Section: Arts

Poets Thompson ’21 and Moreta ’22 honored in The Adroit Journal


This August Kenyon students Tariq Thompson ’21 and Edward Moreta Jr. ’22 celebrated their poetry publications in the Adroit Journal. Thompson and Moreta are best friends and writing partners. Thompson won the 2020 Adroit Prize for poetry, and Moreta was a finalist for the same award. 

 The Adroit Journal is a literary magazine known for supporting young and emerging artists. Thompson and Moreta will join well-known writers such as Terrance Hayes, Franny Choi and Ocean Vuong. 

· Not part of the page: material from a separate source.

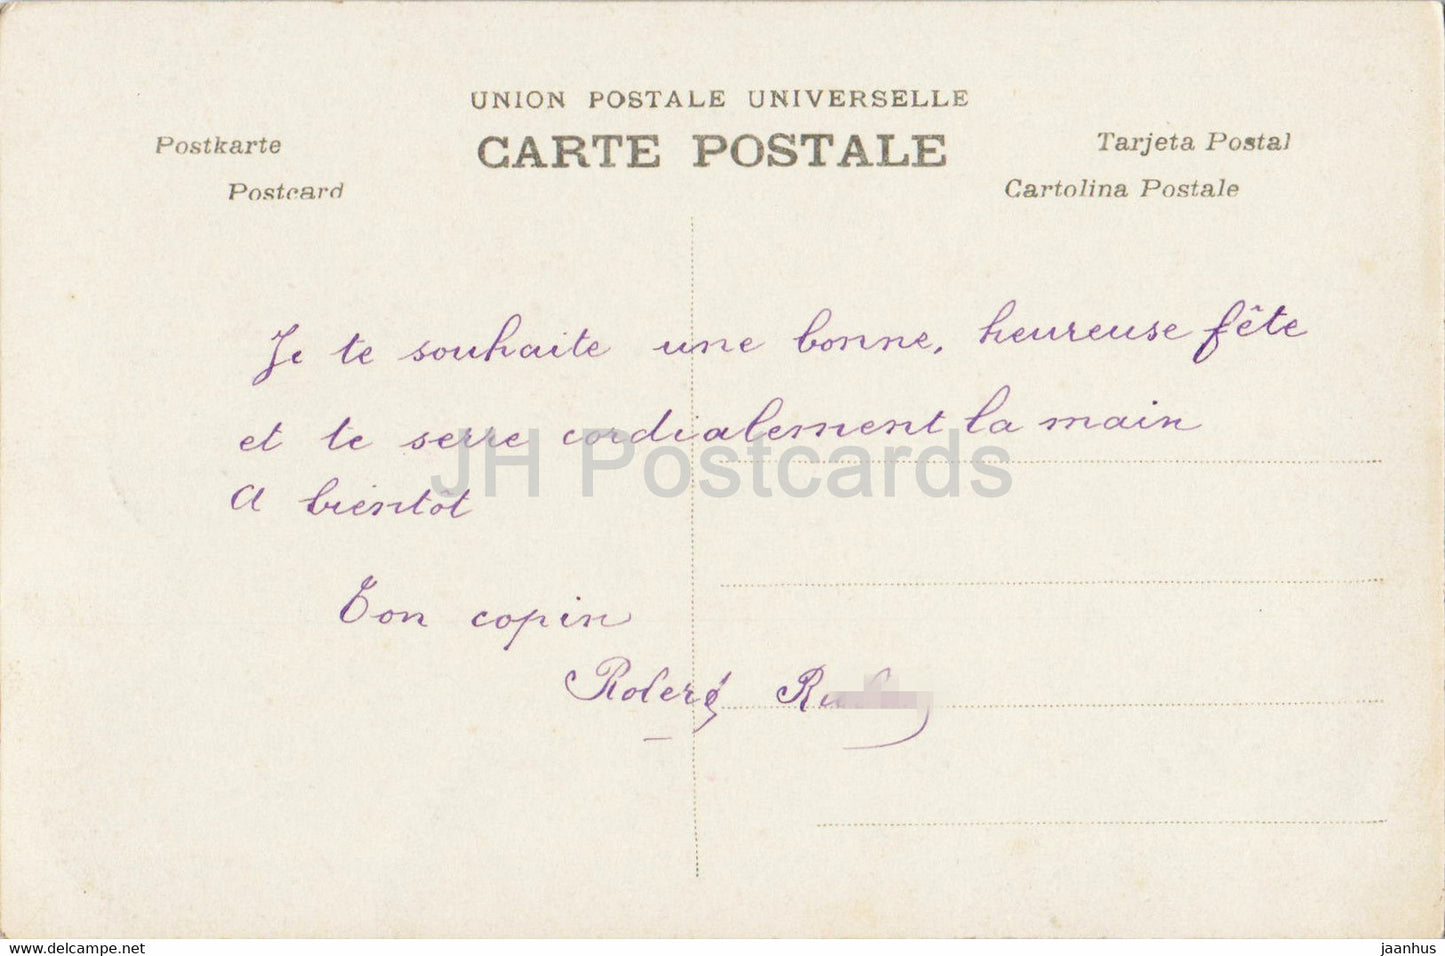 Birthday Greeting Card - Bonne Fete - boy - 1076 - AN Paris - old postcard - France - used
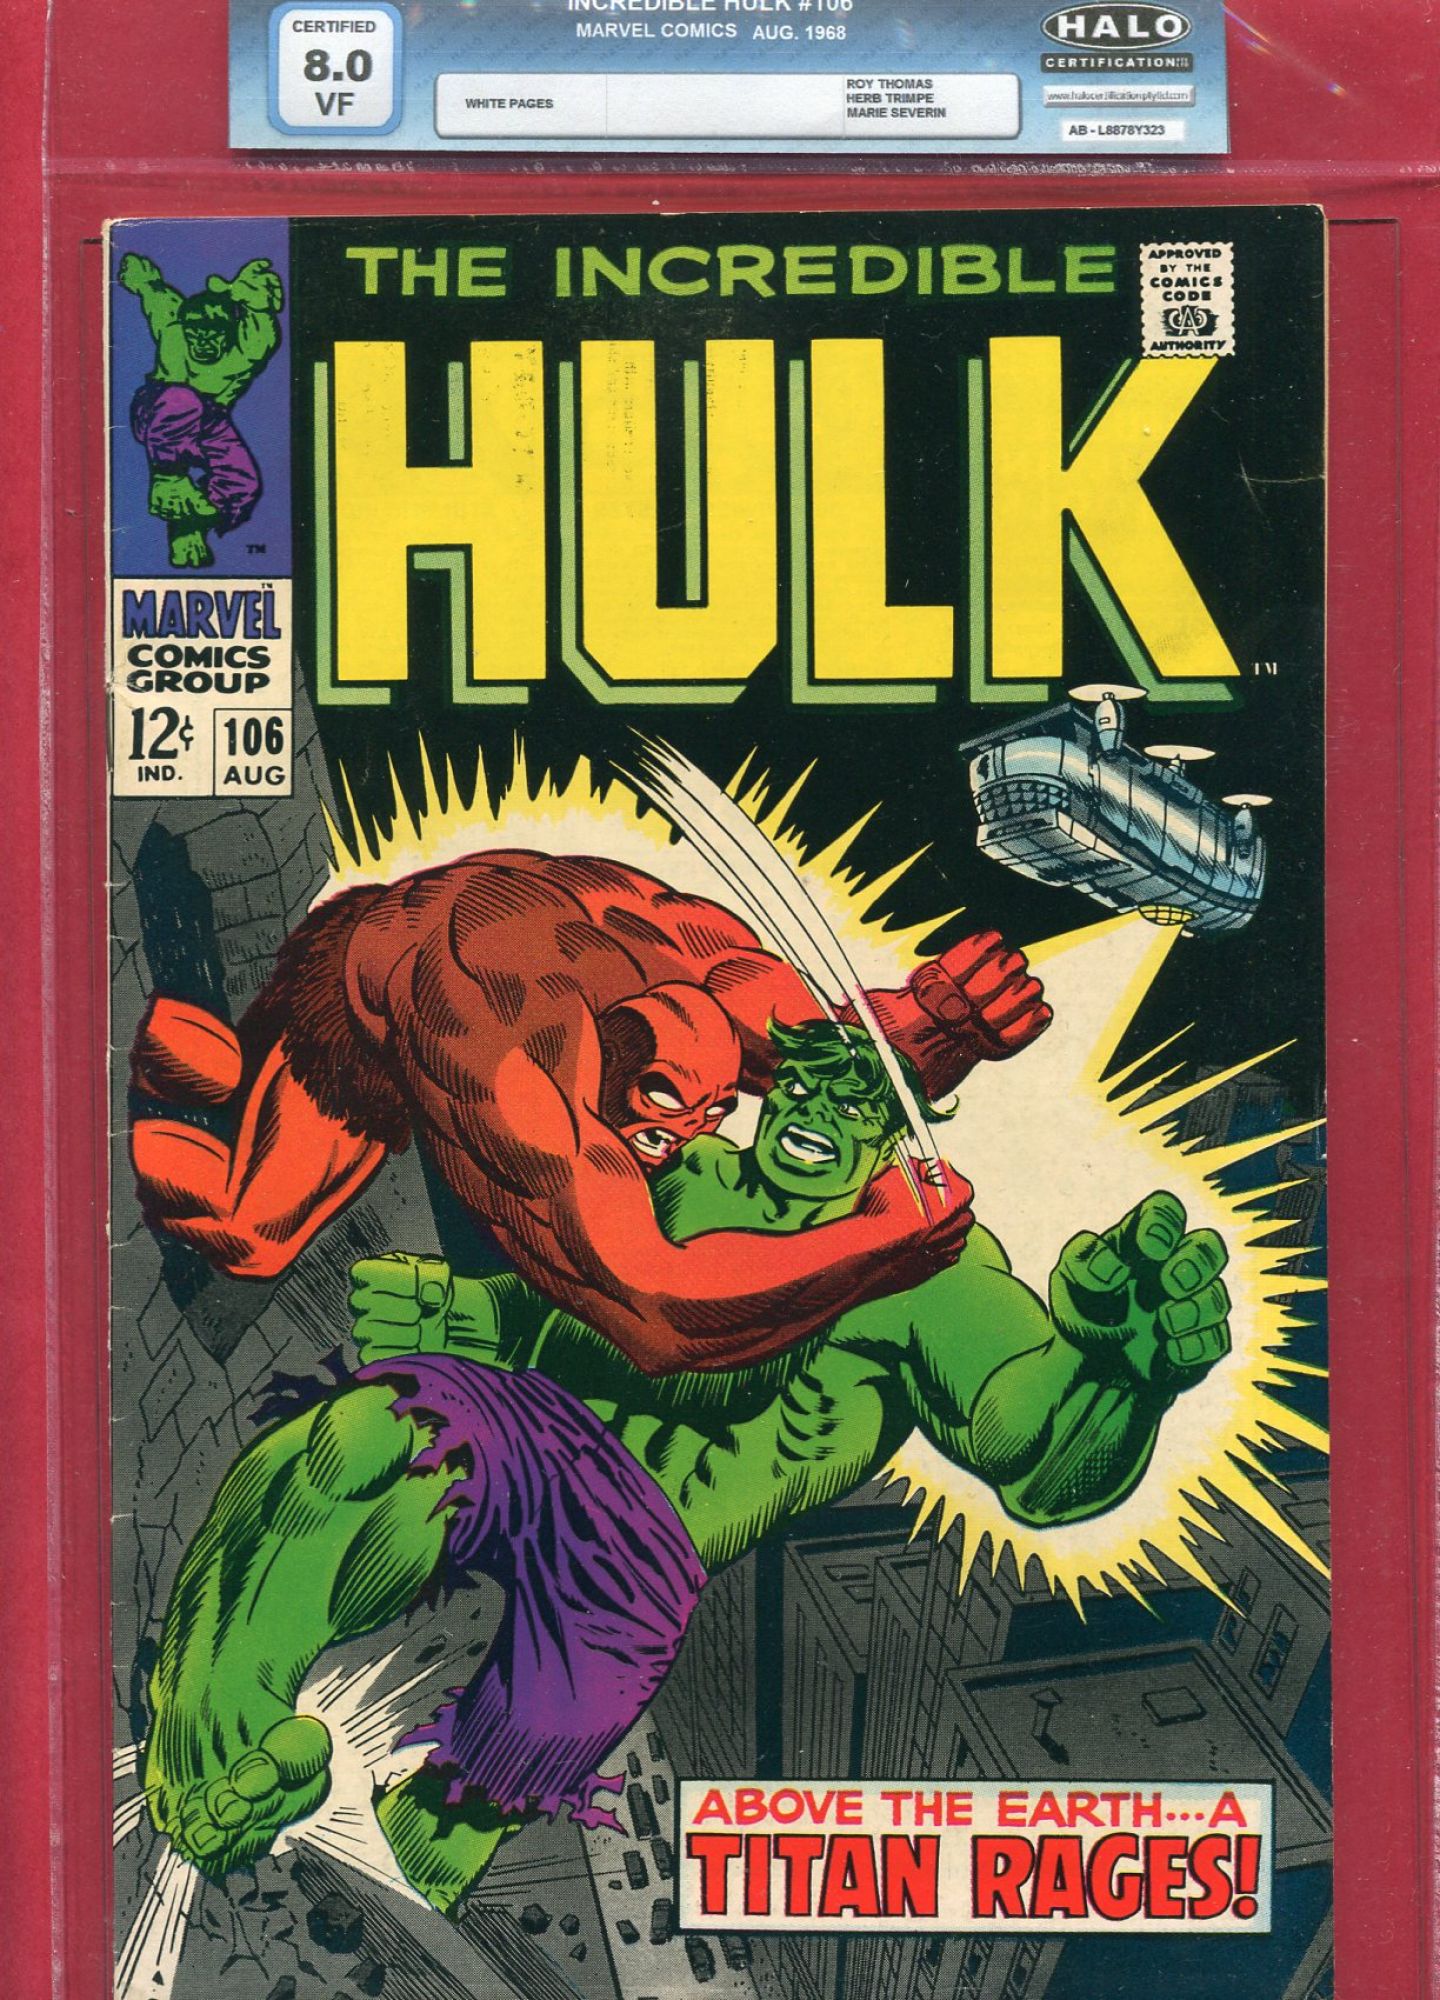 Incredible Hulk #106, Aug 1968, 8.0 VF Halo Soft Slab

Thompson published two sonnets in the Journal: “ON THEIR BIRTHDAY, SUGE KNIGHT & MY DADDY DISCUSS FORGIVENESS” and “ON OUR BIRTHDAY, MALCOLM X & I DISCUSS THE MEANS?” Thompson said both sonnets took months to write, and were completed with the help of Moreta, along with Thompson’s partner, Gabrielle Bing ’19. The three are part of a group called BLKMAKE, where Thompson says they “talk to one another constantly about life and writing; we’re always, always bouncing ideas off of one another, always laughing with one another.”

Both of Thompson’s poems were inspired by his obsession with the number 19. “My parents and I were all born on the nineteenth of our respective months, and shared birthdays with some pretty wild people — Barry Jenkins for my mom, Suge Knight and Etheridge Knight for my dad, and Malcolm X and Lorraine Hansberry for myself,” Thompson said. Poet Morgan Parker’s view on incorporating the past into her poetry spoke to Thompson. In the VS podcast episode “Morgan Parker VS. Now,” Parker says, “[I’m] feeling like so much of myself is built because of these folks — just realizing that I have years and centuries to build from. I don’t need to define myself by what I can see. You know what I mean.”

In both sonnets, Thompson reveals something about himself and his parents by writing about those who came before them. 

One of Thompson’s favorite lines in “ON OUR BIRTHDAY, MALCOLM X & I DISCUSS THE MEANS” is “Any so called Negro or Nigga or Black Hope, / To remain alive, must first figure his place / Amongst his people . . .” This line helped Thompson set the stage for his sonnet, which in part explores what it means to stay alive as a Black man. He finalized this sonnet with the help of BLKMAKE and several editors at Sunset Press, Kenyon’s undergraduate-run independent publishing press.

Moreta’s published poem is titled “EVERY NIGHT IS A TRIBUTE.” This poem, Moreta said, is inspired by the transition period after his first year of college, when coming back home felt disorienting and lonely. Throughout this poem, there are allusions to nighttime and the colors black and blue. Moreta said that the imagery stemmed from his view standing outside of his father’s house on a hill, watching the sky as it turned from dusk into night. After constantly evolving his work over the span of a year, Moreta finalized the poem this May. 

Moreta’s favorite line in “EVERY NIGHT IS A TRIBUTE” is “niggas / is just niggas.” “So much of the time, we are just trying to be us and ourselves. We just are. No interpretations, no sociological articles, no academic studies, no graphics — we just are,” he explained. Moreta’s favorite line becomes a thread throughout the poem, which ends with, “when a rainbow unravels all of its colors / it ain’t even have me.”

Thompson and Moreta are already busy with new projects. Currently, Moreta is working on an experimental rap project and his poetry collection, while Thompson is working on his debut chapbook with Sunset Press, which is tentatively titled How Could I Be Lonely?